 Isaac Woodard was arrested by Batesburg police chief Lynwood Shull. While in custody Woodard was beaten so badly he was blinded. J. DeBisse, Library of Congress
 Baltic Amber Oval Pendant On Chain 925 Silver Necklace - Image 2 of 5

________________

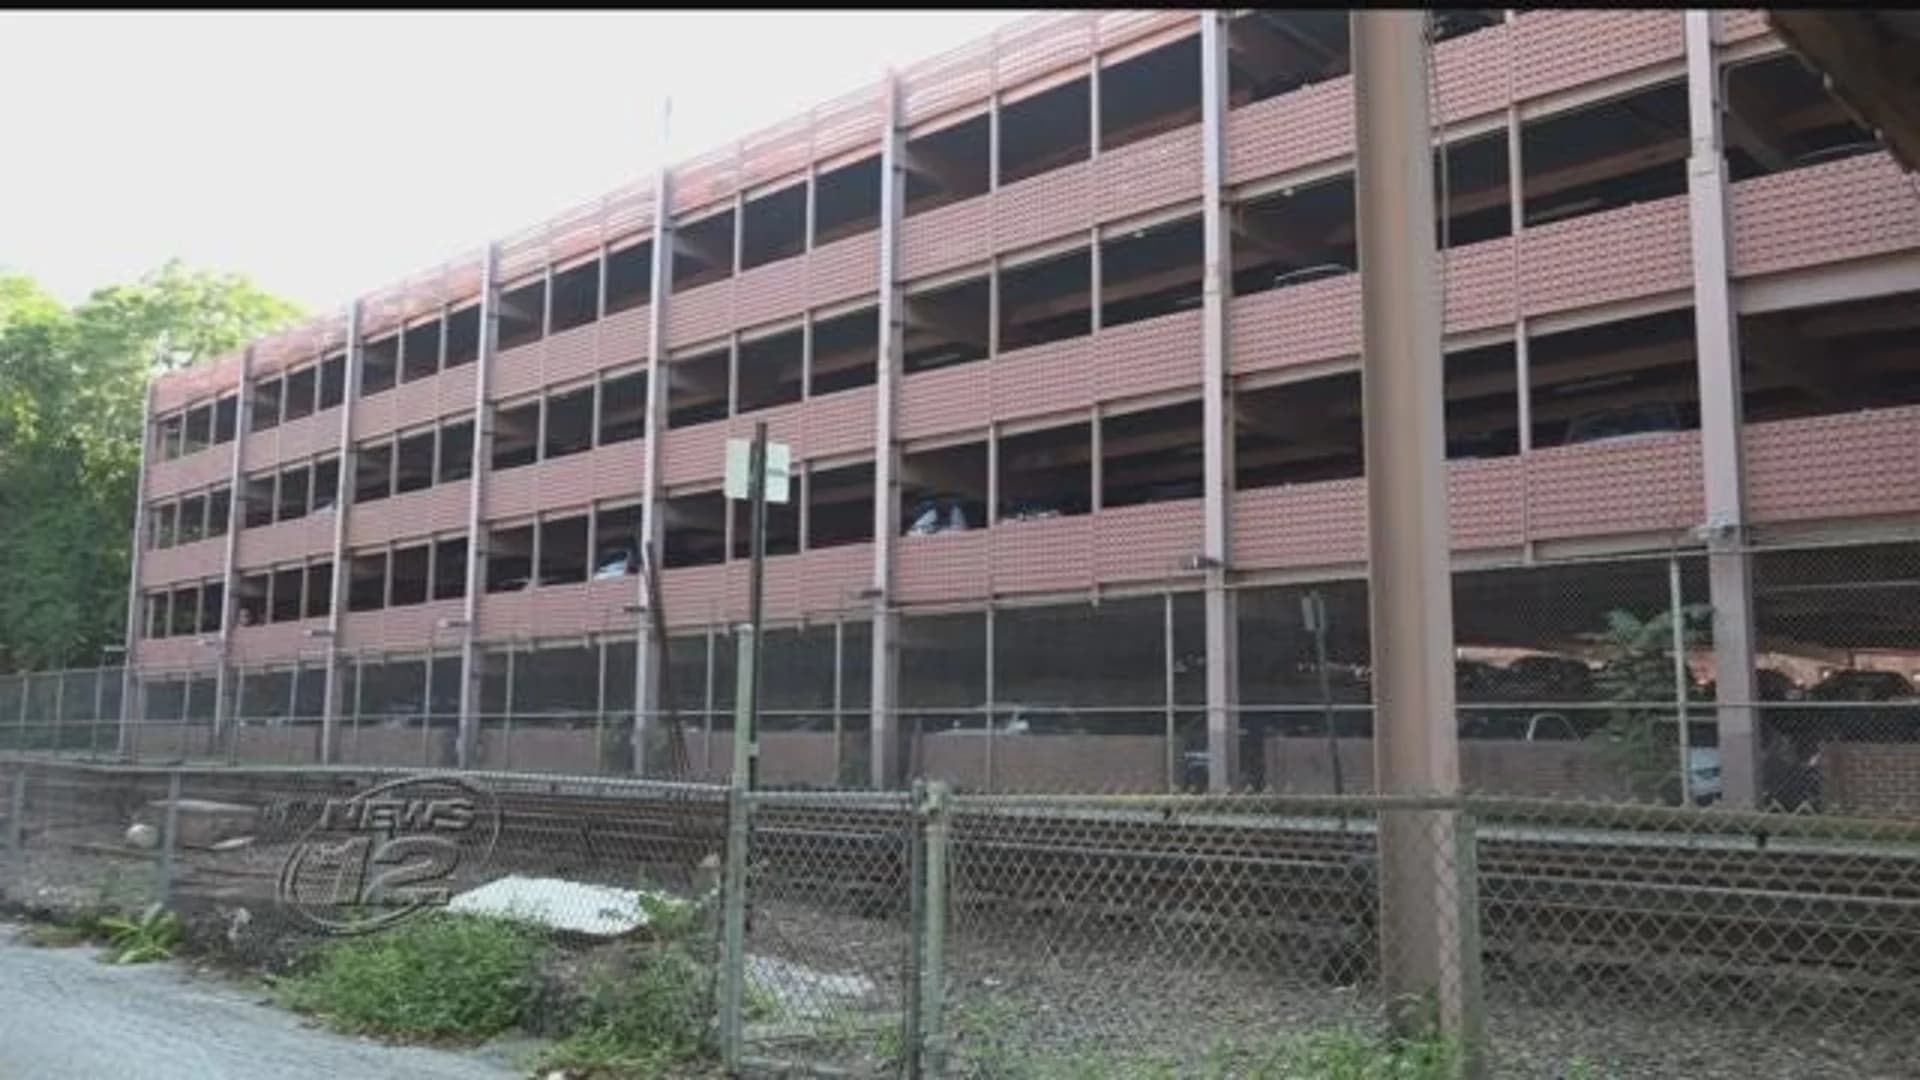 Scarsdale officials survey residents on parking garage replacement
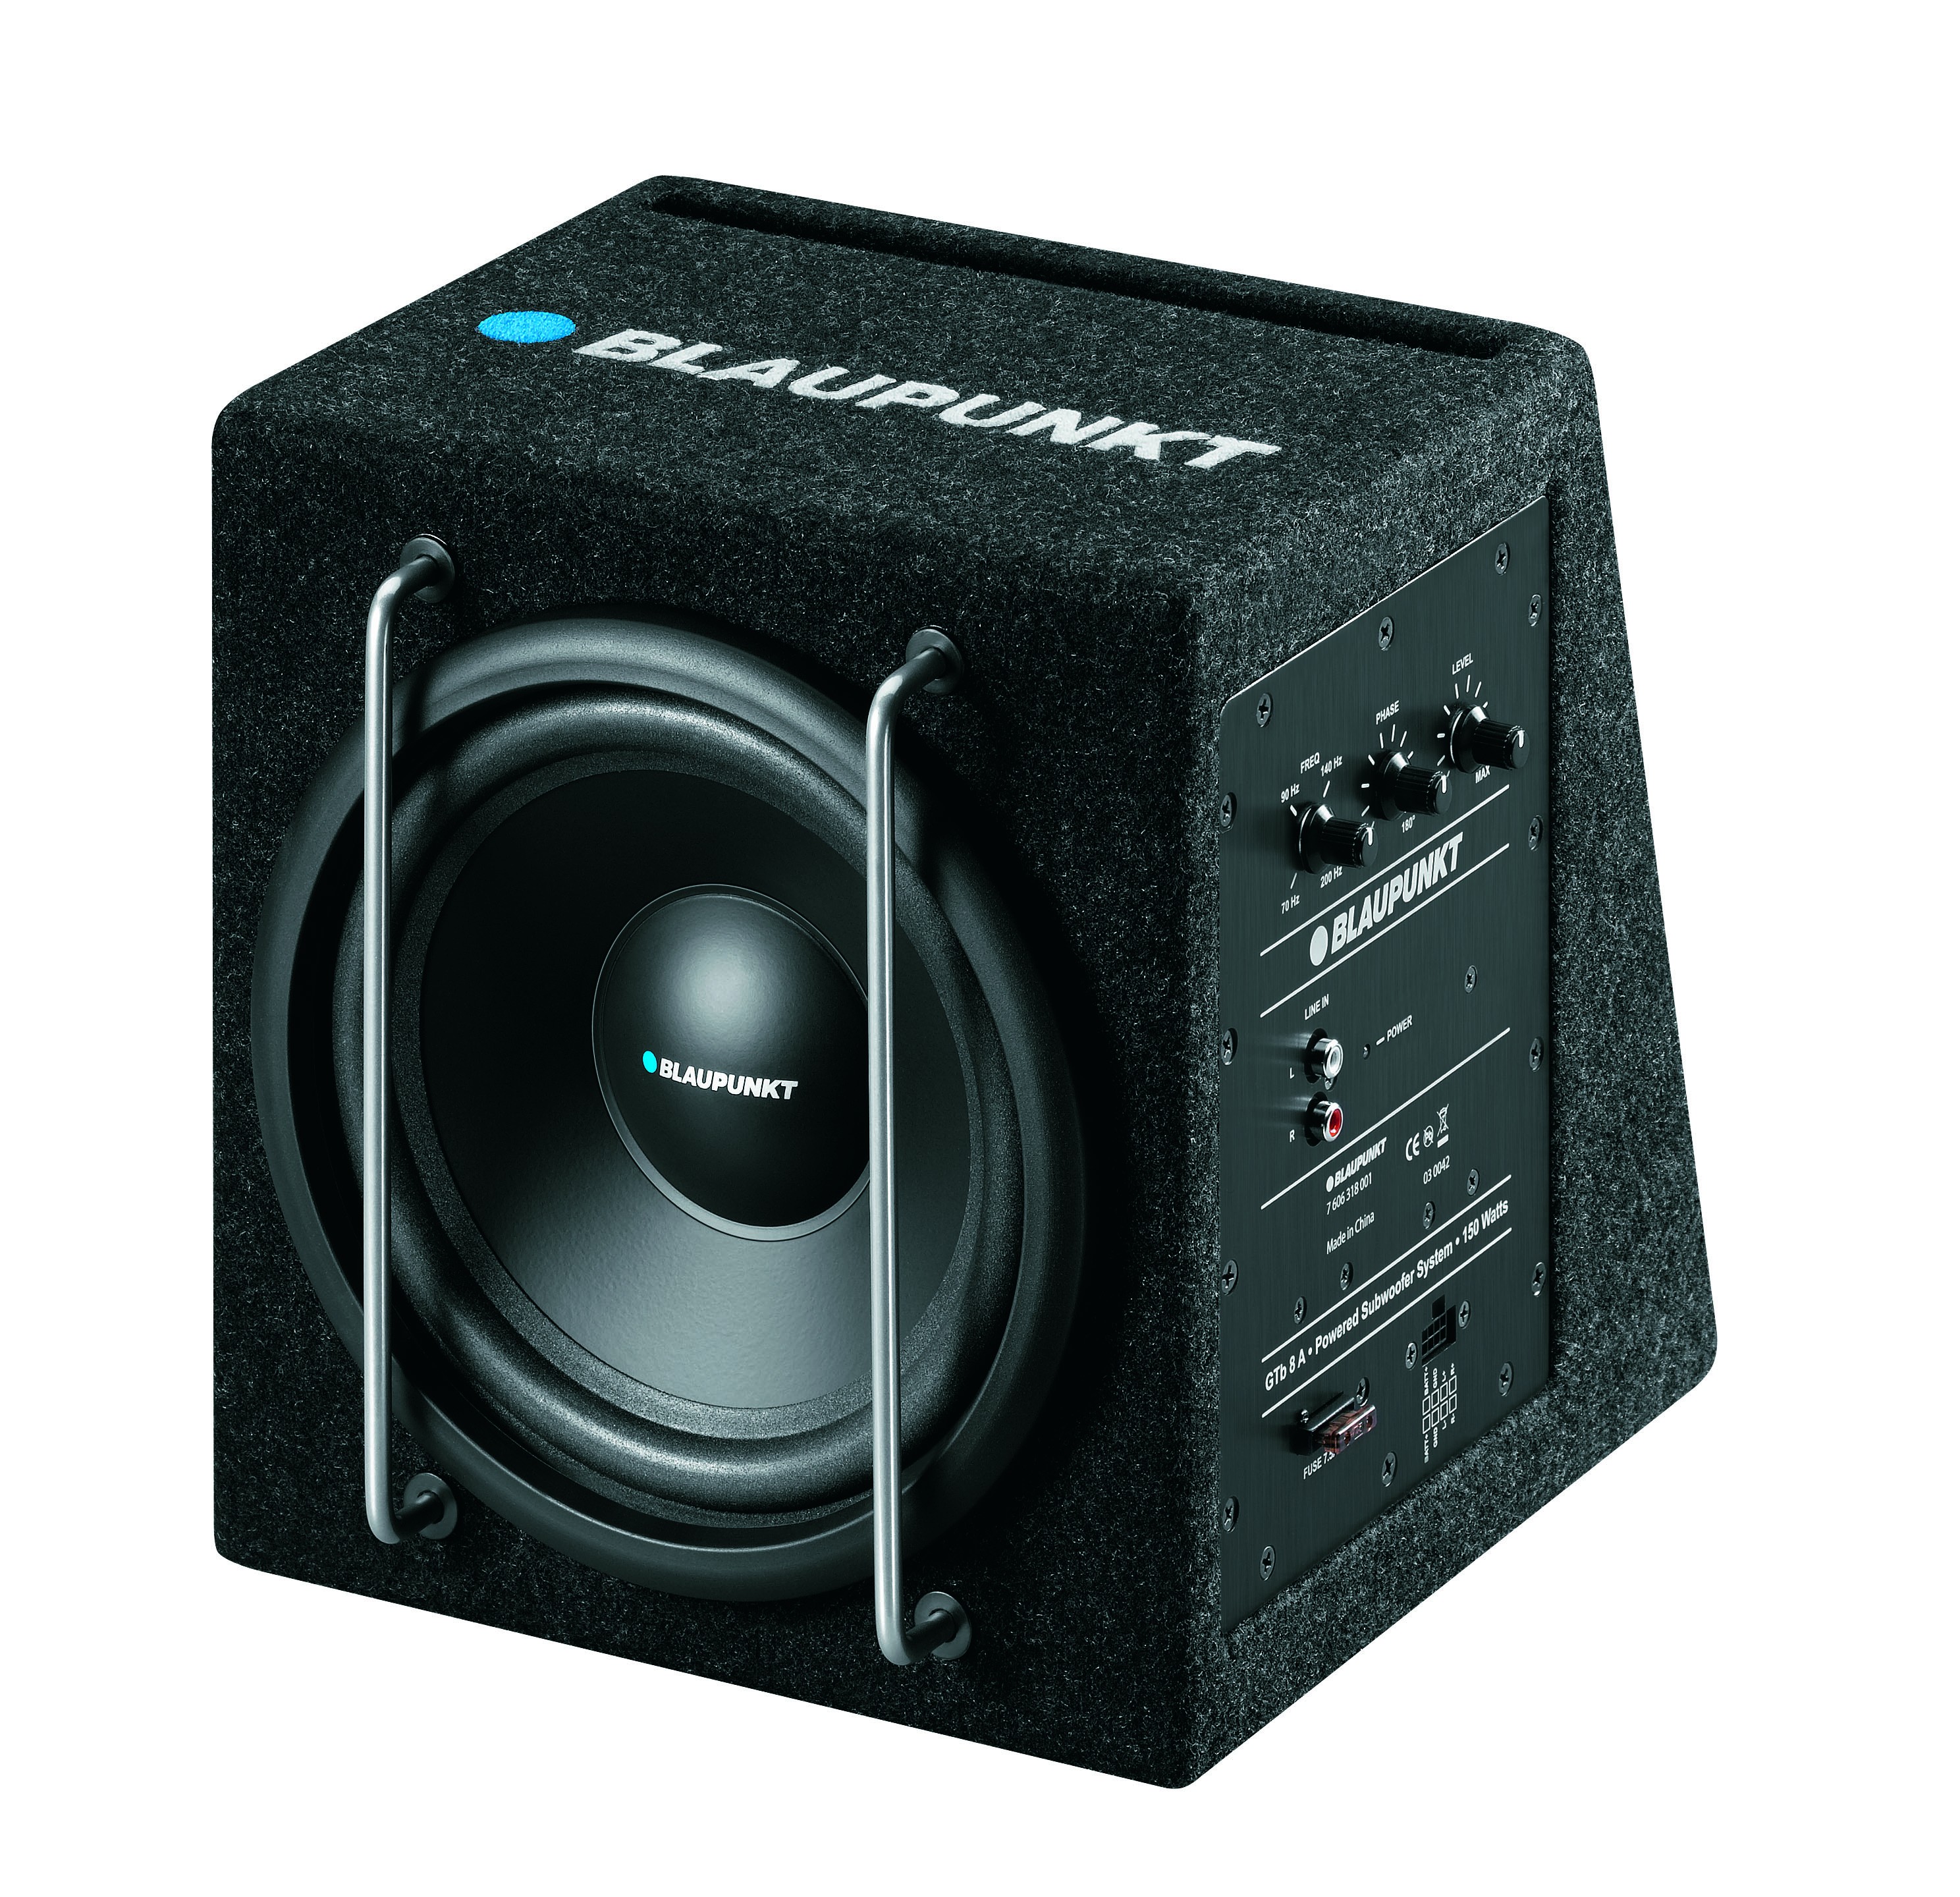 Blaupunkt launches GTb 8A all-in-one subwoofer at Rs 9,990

________________

◆ **Your task**
In the listing above, find the line with "Isaac Woodard was" and the line with "Baltic Amber Oval"; set down exactly those two lines and every line between them, nothing more.

◆ **Answer to this problem**
 Isaac Woodard was arrested by Batesburg police chief Lynwood Shull. While in custody Woodard was beaten so badly he was blinded. J. DeBisse, Library of Congress
 Baltic Amber Oval Pendant On Chain 925 Silver Necklace - Image 2 of 5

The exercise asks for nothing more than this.